» **The task**:
Give the data below again exactly, and drop each picture from it.

» **Supplied data**:
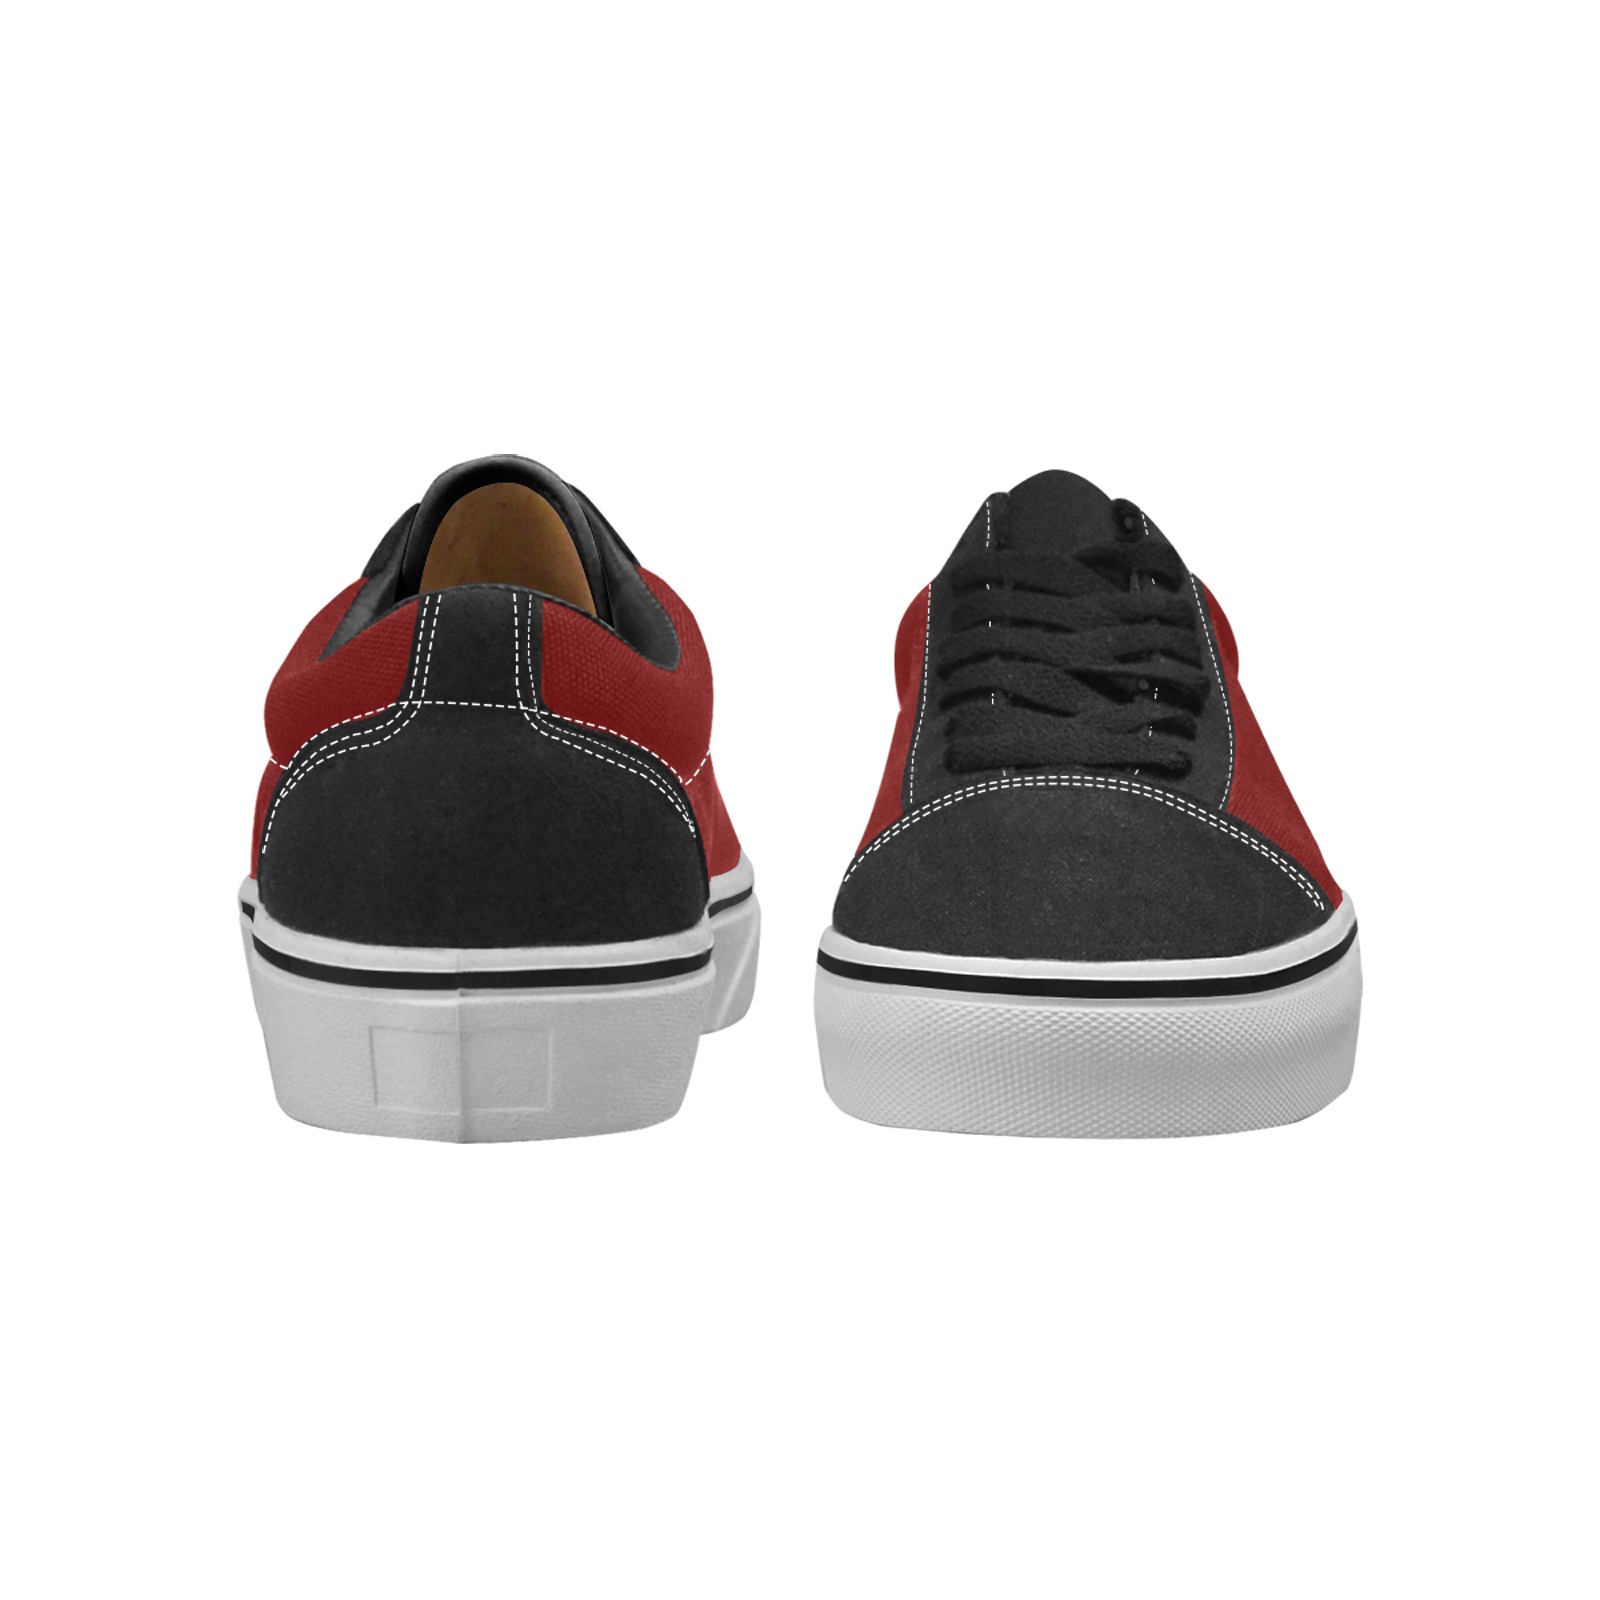 color blood red Women's Low Top Skateboarding Shoes (Model E001-2)
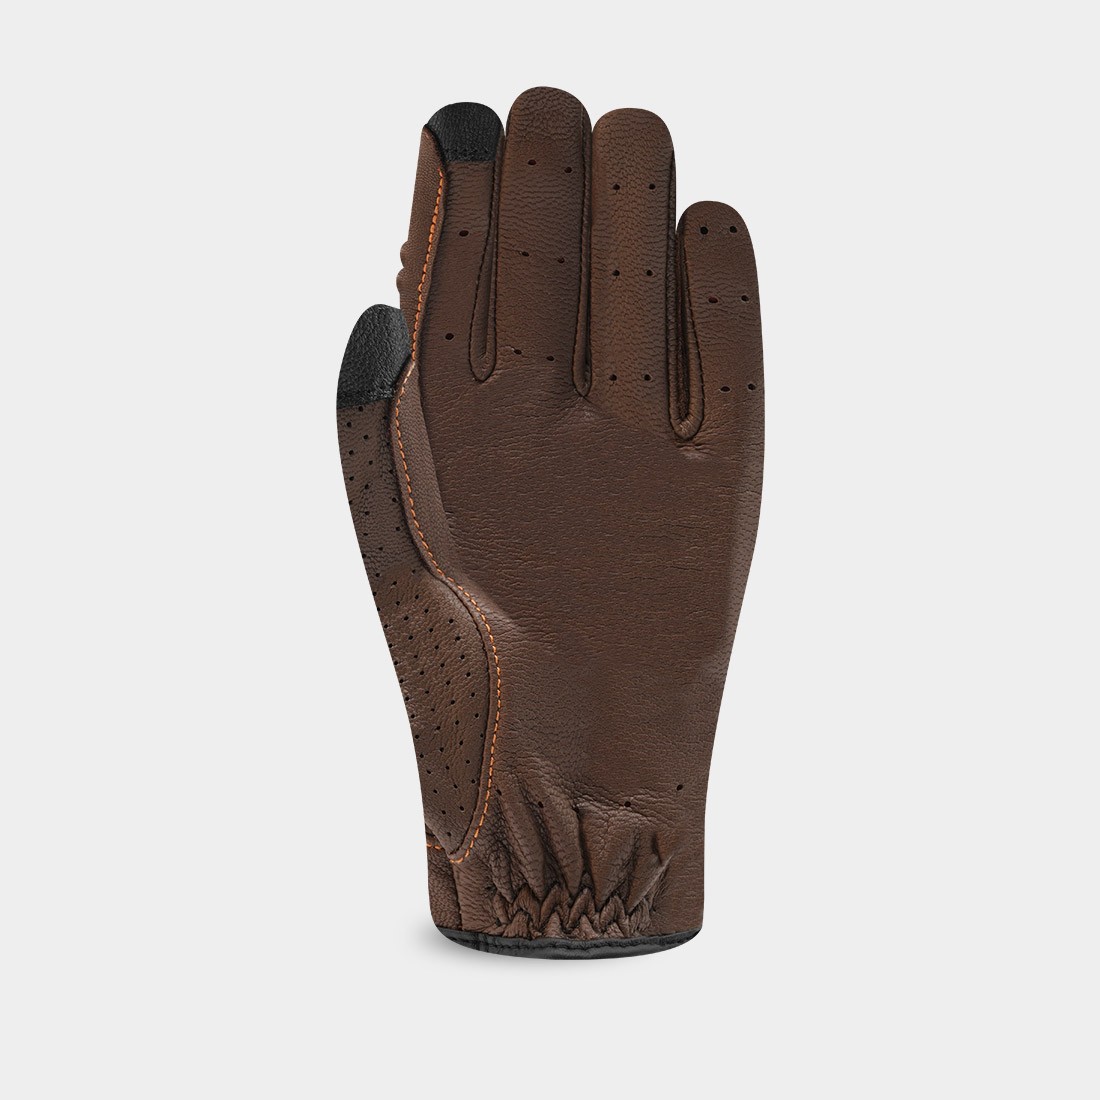 TRADITION LIMITED EDITION - RIDING GLOVE
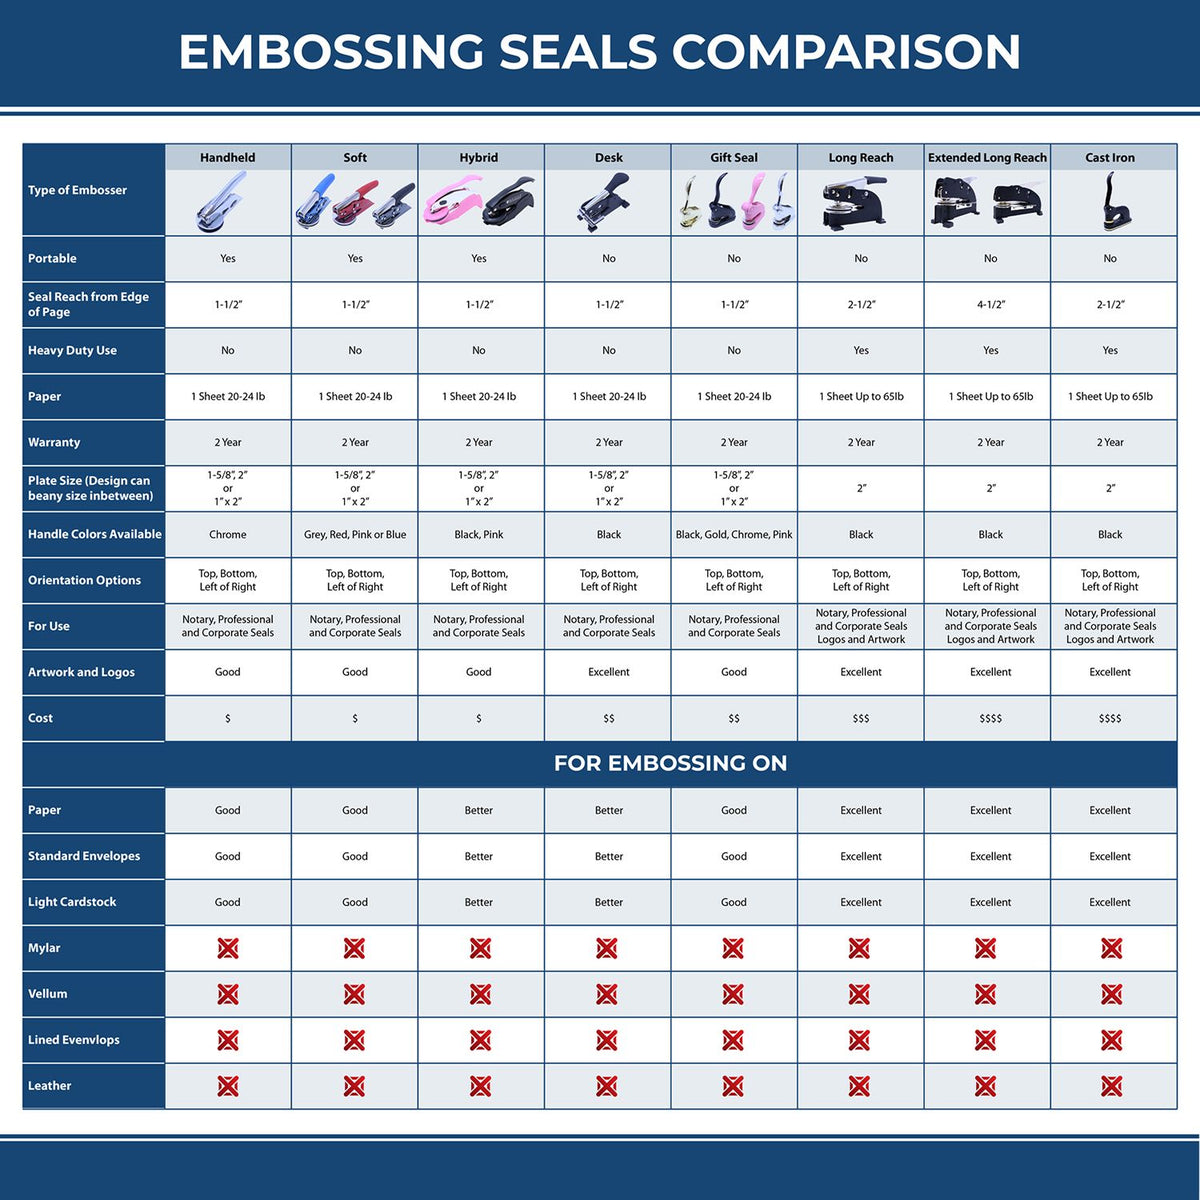 A comparison chart for the different types of mount models available for the Handheld Minnesota Architect Seal Embosser.
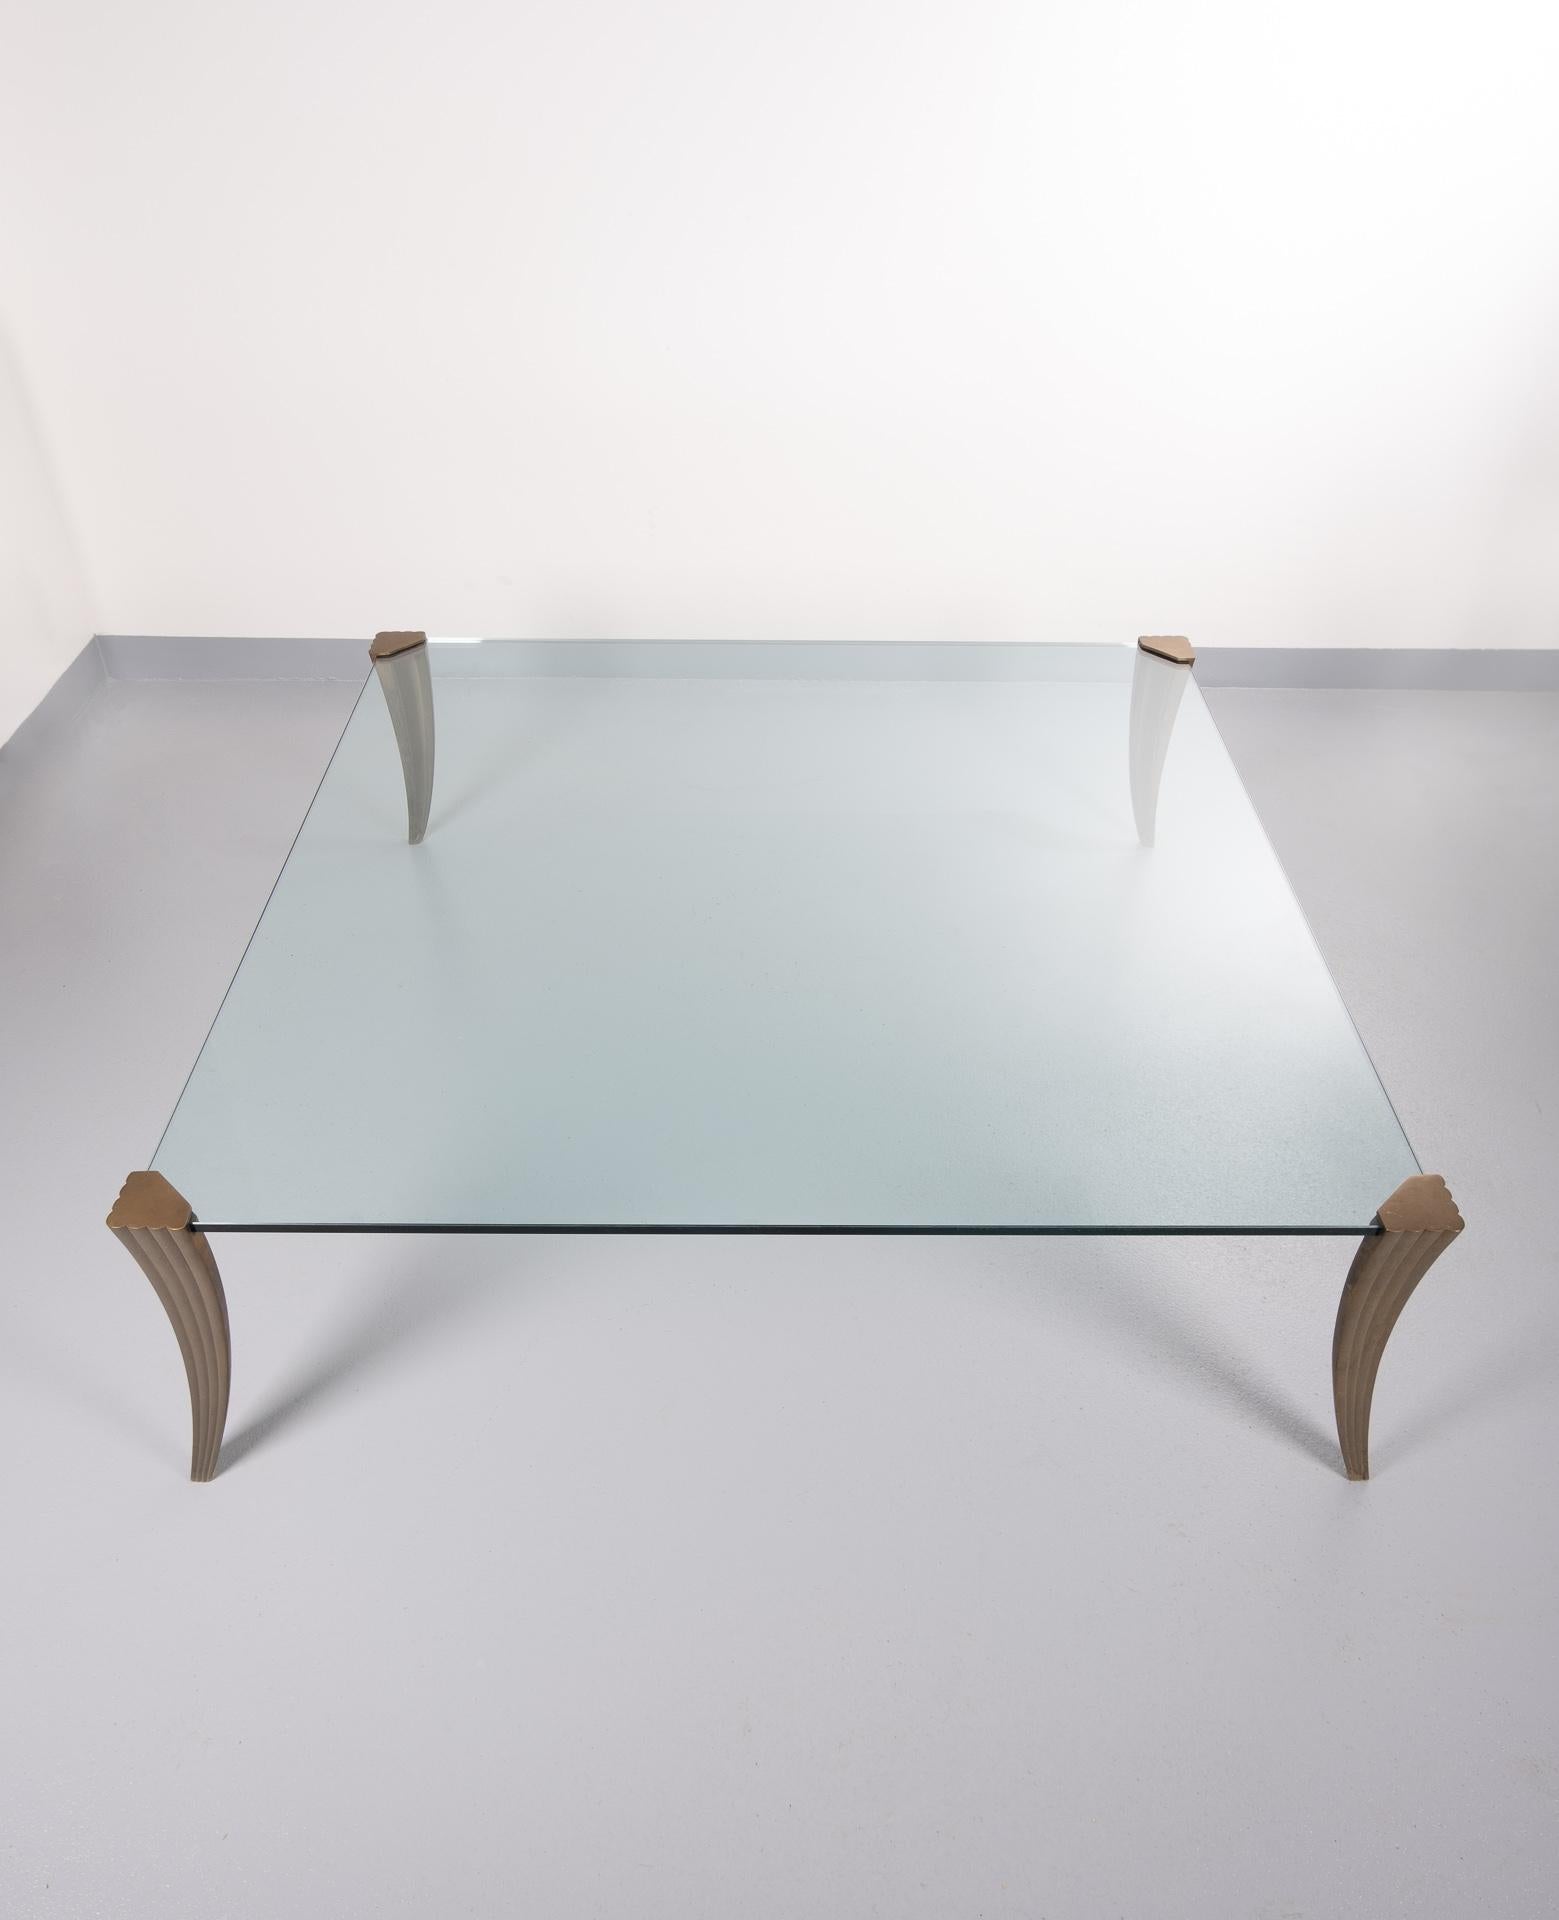 Superb large coffee table by Peter Ghyczy, thick cut glass top on cast bronze legs.
Very rare model. Pioneer series looks like the glass top is floating. Very good condition.
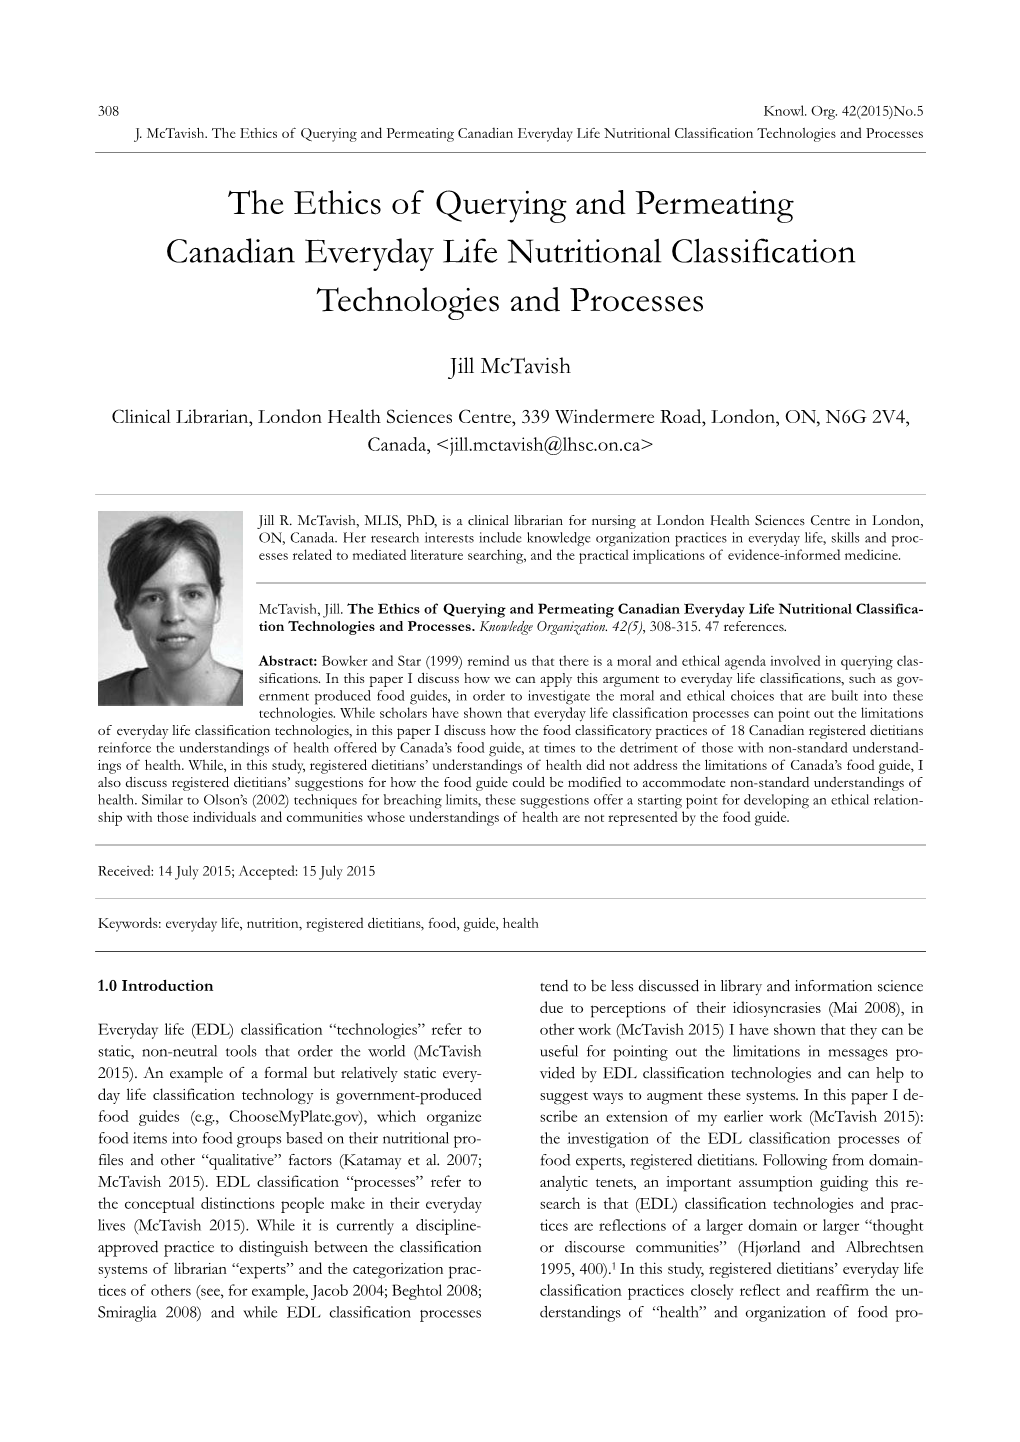 The Ethics of Querying and Permeating Canadian Everyday Life Nutritional Classification Technologies and Processes

» **Exercise output**:
 color blood red Women's Low Top Skateboarding Shoes (Model E001-2)
 TRADITION LIMITED EDITION - RIDING GLOVE
 A comparison chart for the different types of mount models available for the Handheld Minnesota Architect Seal Embosser.
 Superb large coffee table by Peter Ghyczy, thick cut glass top on cast bronze legs.
Very rare model. Pioneer series looks like the glass top is floating. Very good condition.
 The Ethics of Querying and Permeating Canadian Everyday Life Nutritional Classification Technologies and Processes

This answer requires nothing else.